▶ _Exercise input_
Start of Block
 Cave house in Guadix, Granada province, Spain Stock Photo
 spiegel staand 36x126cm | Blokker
End of Block
Start of Block
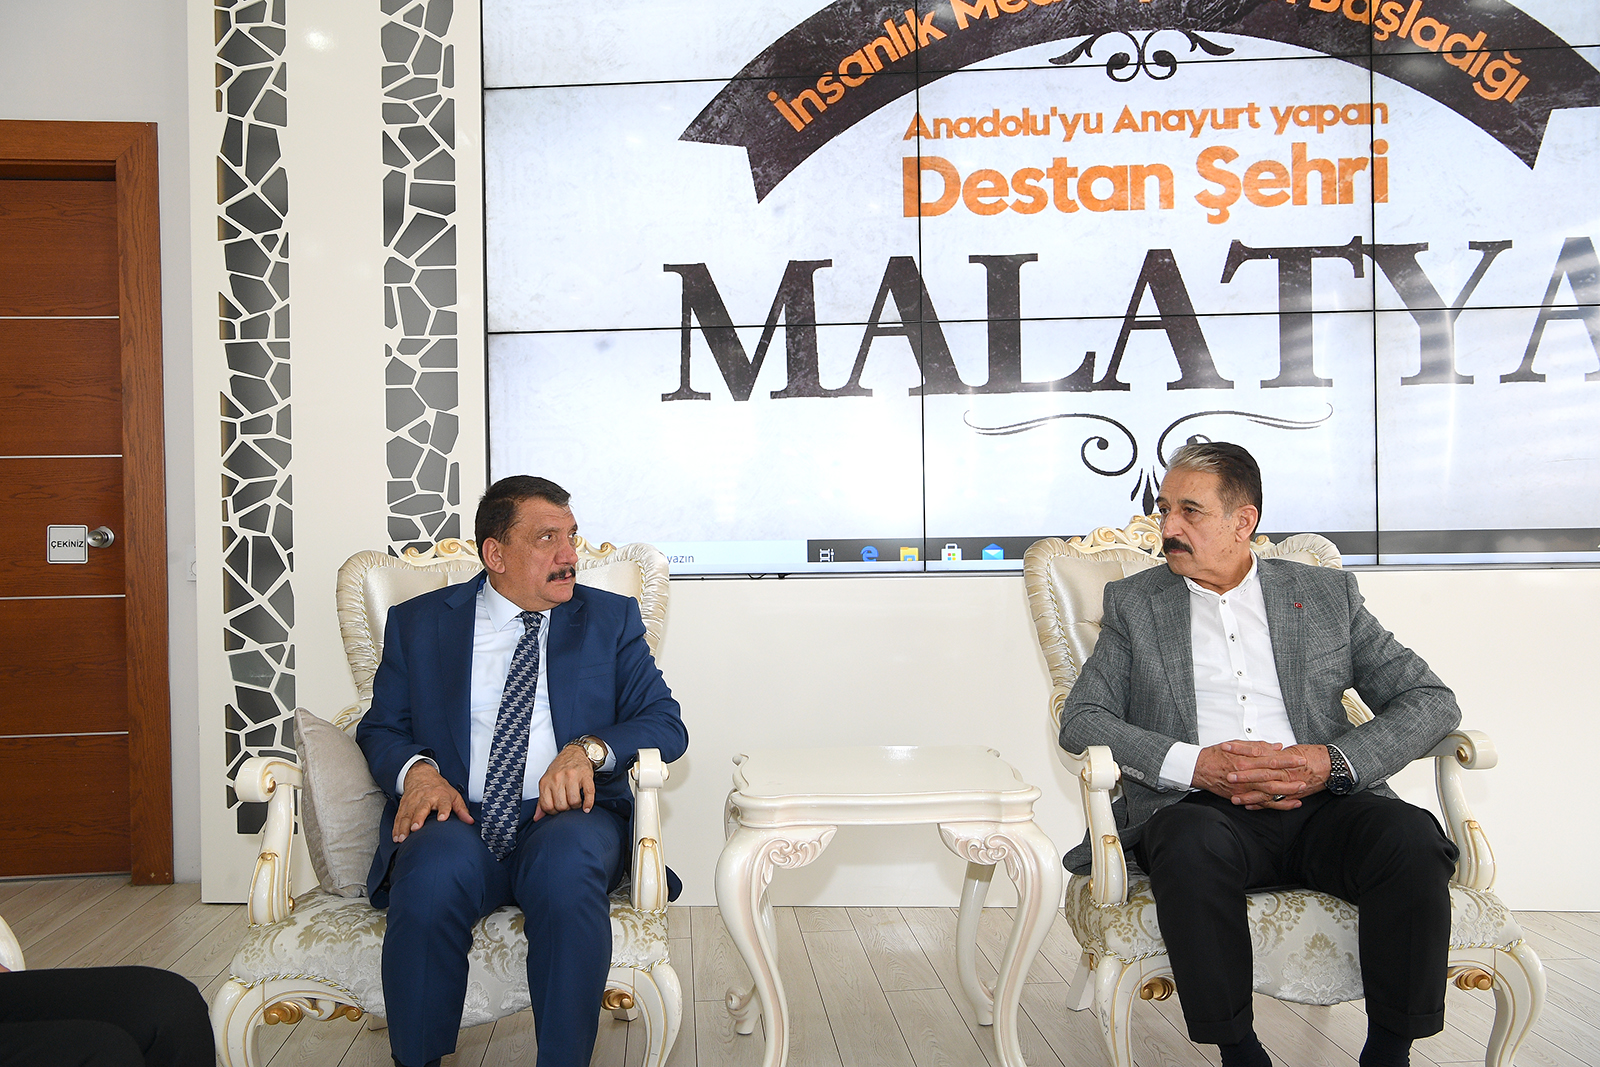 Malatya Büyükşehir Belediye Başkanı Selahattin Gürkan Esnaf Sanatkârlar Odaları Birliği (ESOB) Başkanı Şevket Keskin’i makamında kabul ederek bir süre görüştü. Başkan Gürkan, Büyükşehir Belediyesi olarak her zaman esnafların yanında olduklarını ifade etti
End of Block
Start of Block
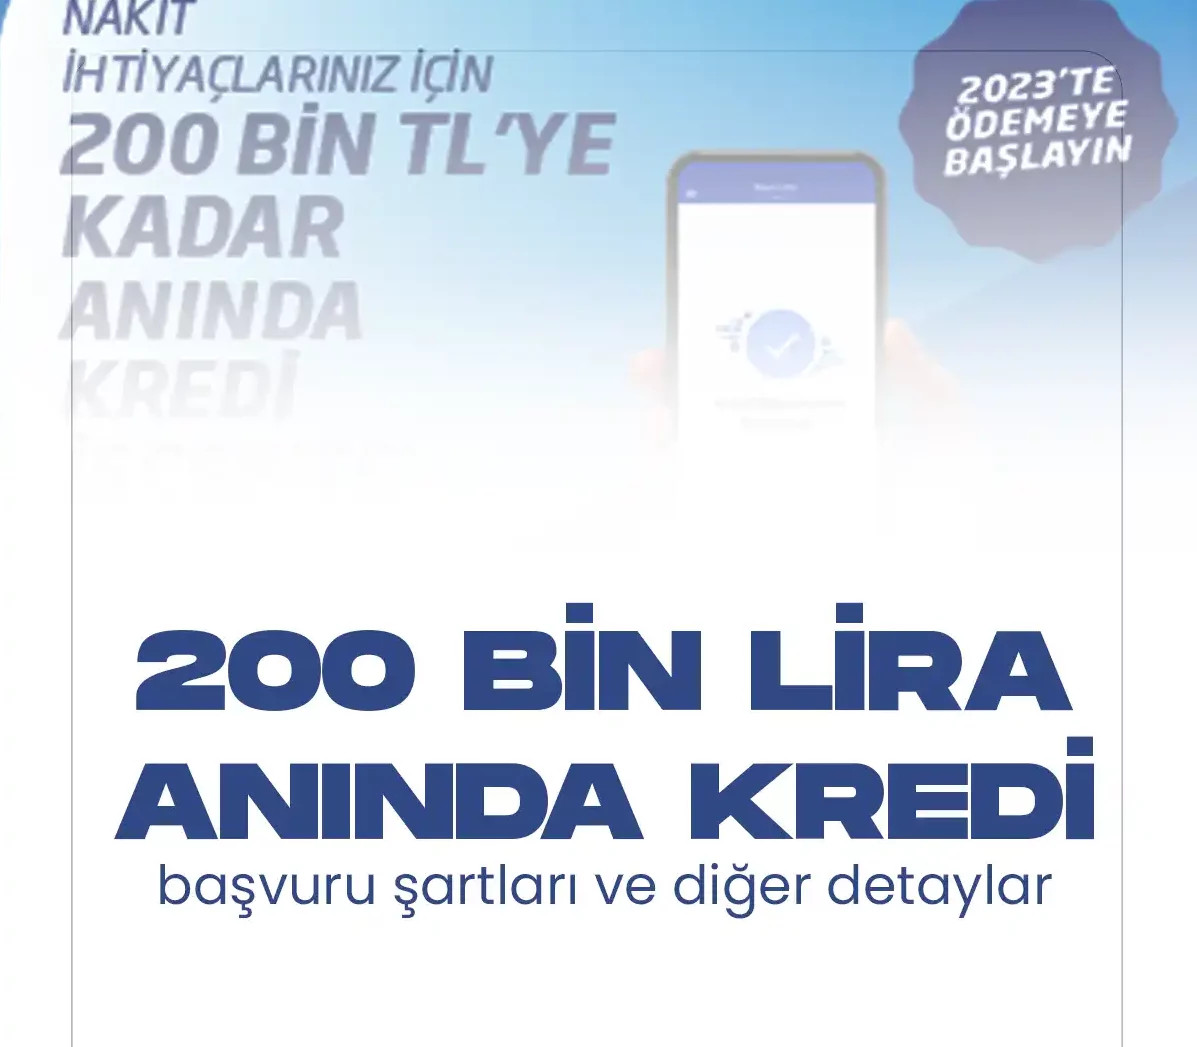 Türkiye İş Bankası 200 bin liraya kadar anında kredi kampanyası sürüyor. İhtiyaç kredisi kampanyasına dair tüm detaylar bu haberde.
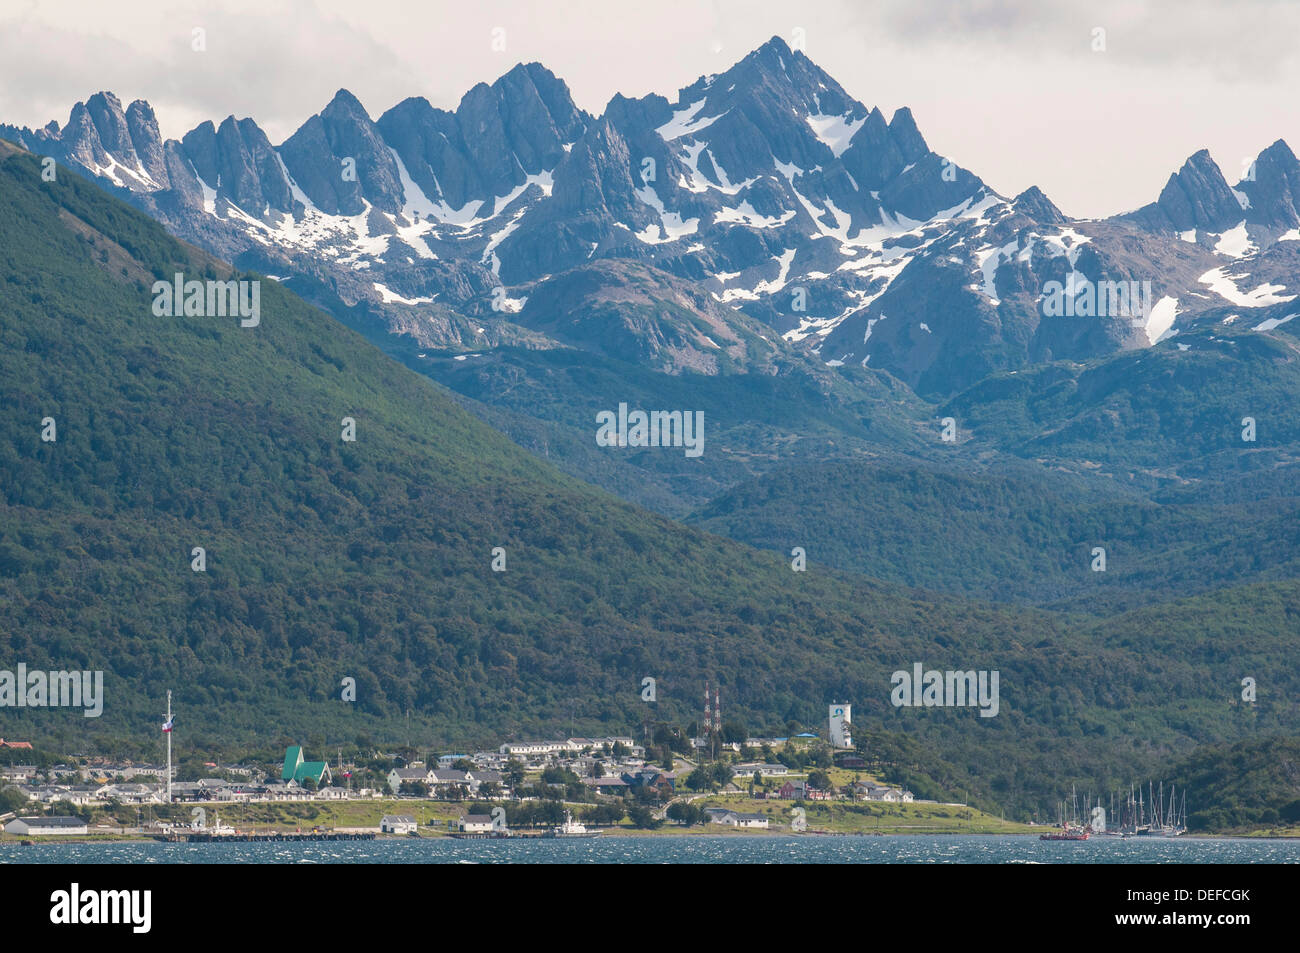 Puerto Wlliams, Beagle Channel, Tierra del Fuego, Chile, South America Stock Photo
End of Block
Look through the data above and return exactly the lines from the one that contains "Cave house in" to the one that contains "spiegel staand 36x126cm | Blokker", inclusive, with nothing else.

 Cave house in Guadix, Granada province, Spain Stock Photo
 spiegel staand 36x126cm | Blokker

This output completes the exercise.